SEQUENCING THE TRANSCRIPTOME IN TOTO

Since the sequencing of the mouse and human genomes, there has been a concerted effort to define their complete transcriptional output. EST, full length cDNA sequencing, and transcriptome annotation efforts by FANTOM, ENCODE and other consortia surveyed mammalian expression space, revealing that loci on average generate 6-10 transcripts. Alternative promoters, splicing and 3'UTRs are commonplace.

While these data have provided an excellent atlas of what can be generated from mammalian genomes, we have not had, until recently, the right genomic tools to place this transcriptional complexity into a biological context. Array based profiling has been an excellent tool for assessing overall gene activity, but lacks the sensitivity and resolution required to study complete transcriptome content.

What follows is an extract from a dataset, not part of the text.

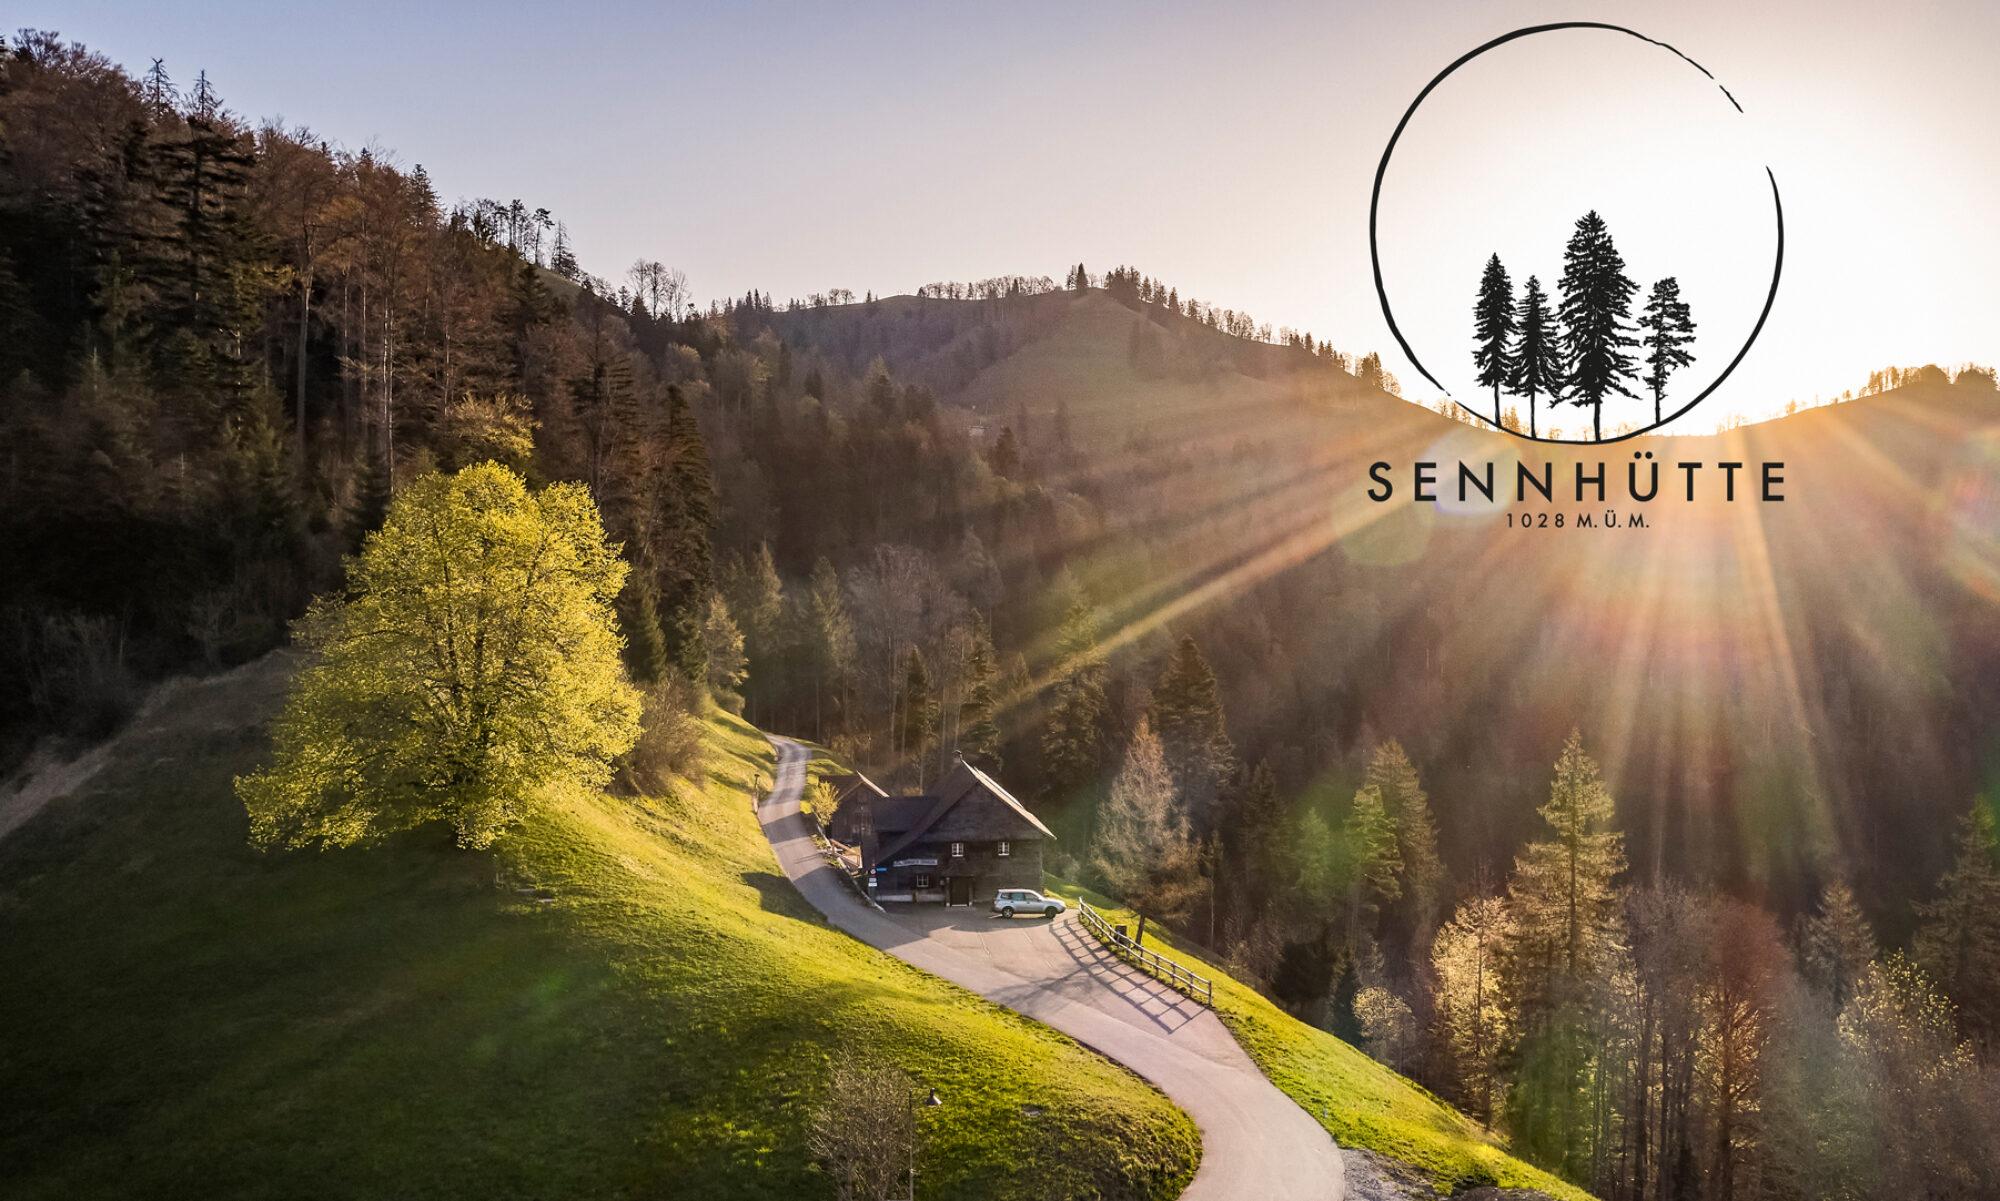 Berggasthaus Sennhütte

RNA sequencing (RNAseq) has recently been demonstrated in several eukaryotic species and is redefining our understanding of mRNA transcriptome content and mRNA dynamics, all at a single nucleotide resolution. We have developed methods for performing multi-gigabase shotgun sequencing of human and mouse transcriptomes and have developed approaches to assess locus activity and demonstrated its improved sensitivity relative to the current "gold standard" array platforms. We also use RN Aseq to assess the expression levels of variant transcripts via diagnostic sequences. Thirdly, we are able to perform genome-wide transcriptome discovery. Finally we have also established approaches to identify alternations to the reference sequence content, allowing us to search for expressed polymorphisms, mutations or events such as RNA editing.

These data are combined with RNAseq surveys of other fractions of the transcriptome (i.e. small RNA and polysome-associated RNAs) to gain a fuller picture of coding and functional RNA content. This is being used to define, at unprecedented resolution, the transcriptional networks driving specific biological states.